Homogénéité de l’itinéraire ou pas. Pour les partisans de la liaison, la France freine le projet. « Compte tenu des impulsions données par l’Italie, une accélération de la réalisation des accès français au tunnel transfrontalier est nécessaire pour pouvoir disposer au plus près de 2030 d’un ensemble d’infrastructures interconnectées, avec des niveaux de capacité et d’exploitabilité homogènes de bout en bout de l’itinéraire », dit le comité pour la Transalpine dans son rapport. Ou encore : « Il faut une coordination sur l’ensemble de l’itinéraire, parce que, dans le tunnel, les trains de voyageurs circuleront à 220 kilomètres par heure et les trains de fret à 120 kilomètres par heure. Si le tunnel est terminé, mais que les accès ne sont pas aménagés, on ne pourra pas utiliser les capacités du tunnel ».

Les raisons du retard du projet. Selon un rapport de la Cour des comptes européenne publié en 2020, la réalisation de la liaison ferroviaire Lyon-Turin a pris 15 ans de retard sur le calendrier initial. « Plusieurs facteurs en sont à l’origine : l’ampleur et la grande complexité technique du projet. Le portage franco-italien du programme exige une constante harmonisation des prises de décisions entre deux Etats dont les priorités politiques peuvent se désynchroniser au fil du temps et des alternances électorales. A cela s’ajoutent des procédures juridiques, administratives et budgétaires très différentes entre la France et l’Italie ».

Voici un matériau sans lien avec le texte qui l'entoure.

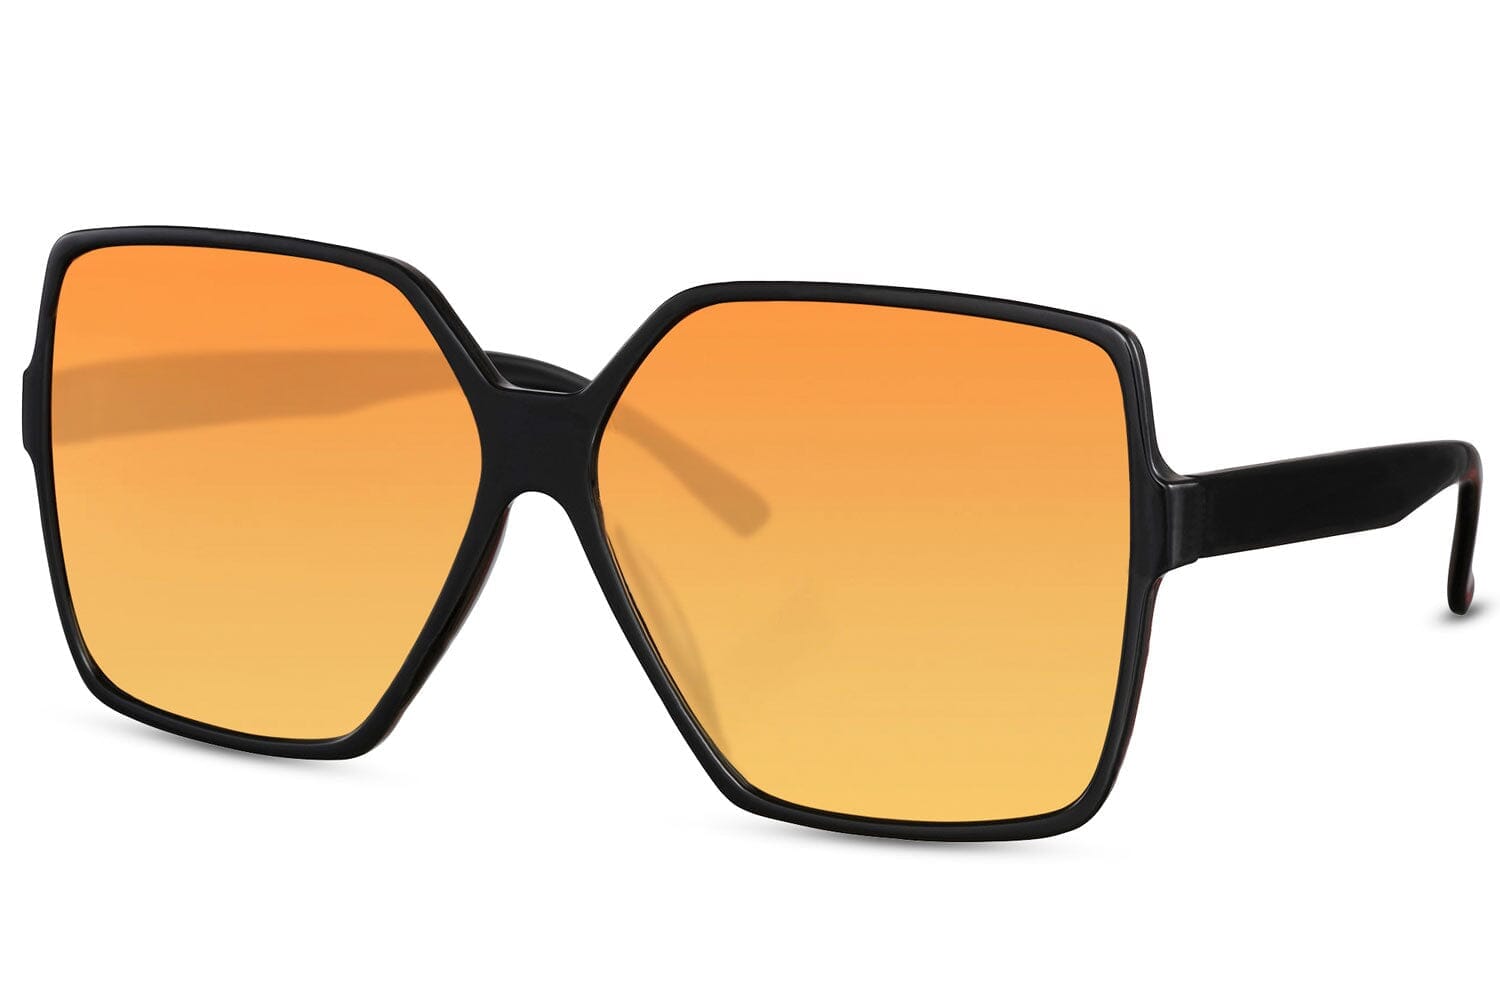 70's sunglasses. Orange lenses. Black large frames.
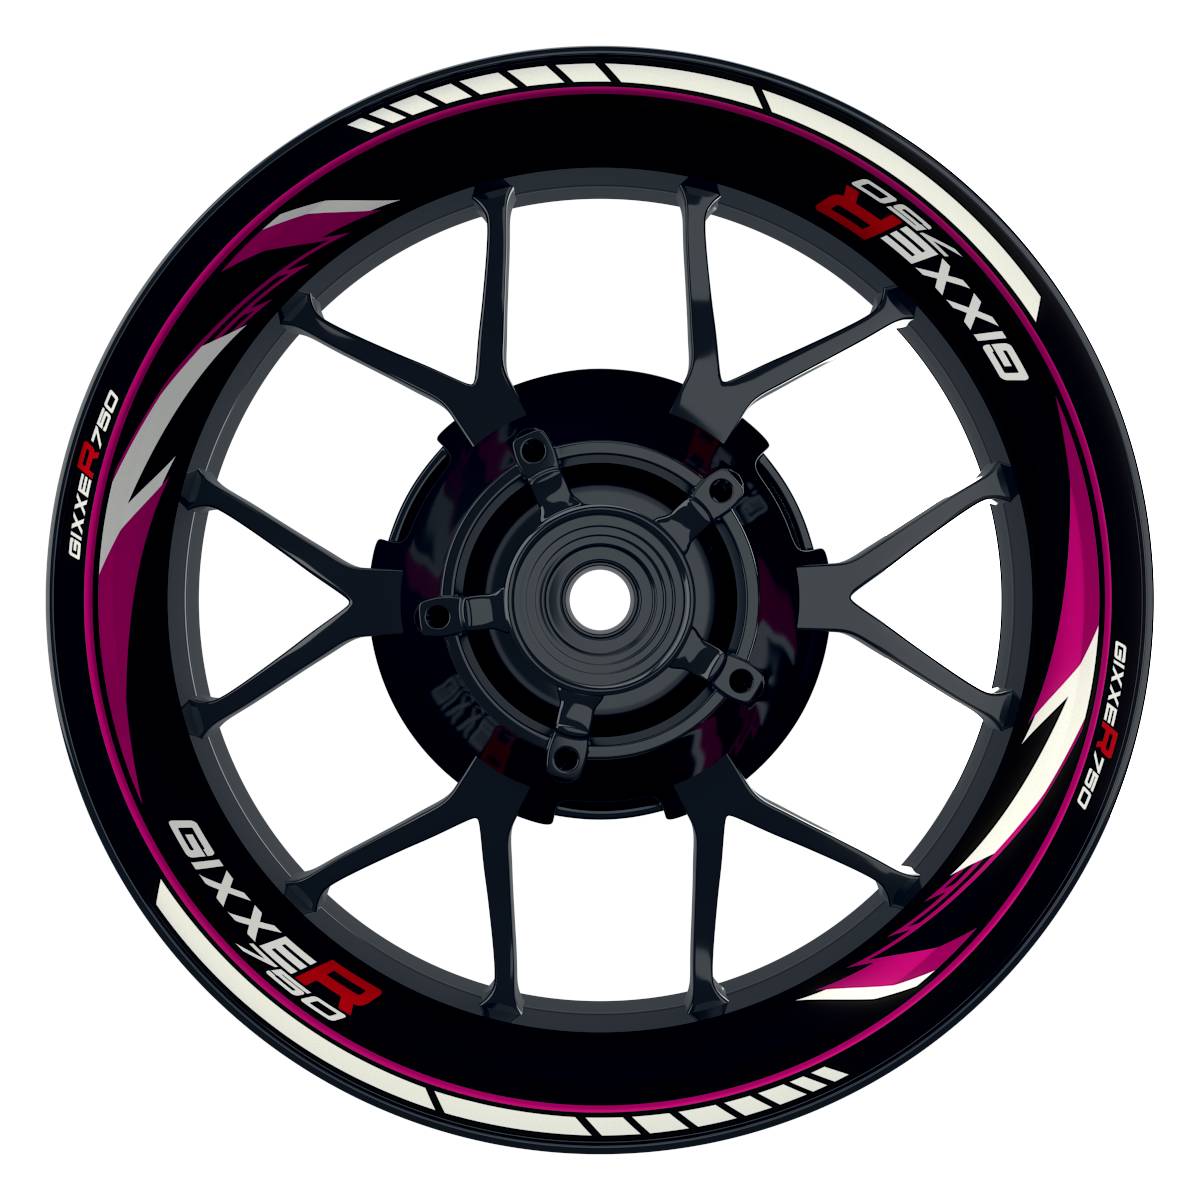 GIXXER750 Razor schwarz pink Wheelsticker Felgenaufkleber

Combien ça coûte ? « La faisabilité du Lyon-Turin repose sur la mutualisation des coûts entre la France, l’Italie et l’Union européenne dont les nouveaux règlements rendent possible un cofinancement à 50% de la liaison ».

Le coût du projet :

  • 6 milliards pour la France,
  • 1,9 milliard pour l’Italie,
  • 8,6 milliards d’euros (en € 2012) pour le tunnel de base.

Les prévisions de trafics. Le tunnel transfrontalier aura une capacité fret maximale de 40 Mt/an et permettra de faire circuler, à terme, jusqu’à 344 trains fret et voyageurs par jour. Il doit rendre possible le report sur le rail d’au moins un tiers des trois millions de poids lourds qui franchissent chaque année la frontière franco-italienne.

Une avancée du projet a eu lieu le 31 août. L’éboulement en vallée de Maurienne le 27 août et ses conséquences sur les trafics routiers et ferroviaires entre les deux pays ont éclipsé une annonce du maître d’ouvrage TELT faite le 31 août. Les entreprises attributaires des marchés relatifs au percement de la partie italienne de l’infrastructure ont été désignés. Le groupe français Spie Batignolles -présent depuis longtemps sur le chantier côté français- et les entreprises italiennes Itinera et Ghella, ont ainsi été chargés du creusement des deux tubes de 13 km côté italien pour un montant de 1,1 milliard d’euros. Deux tunneliers et 700 personnes seront mobilisés pour percer la montagne.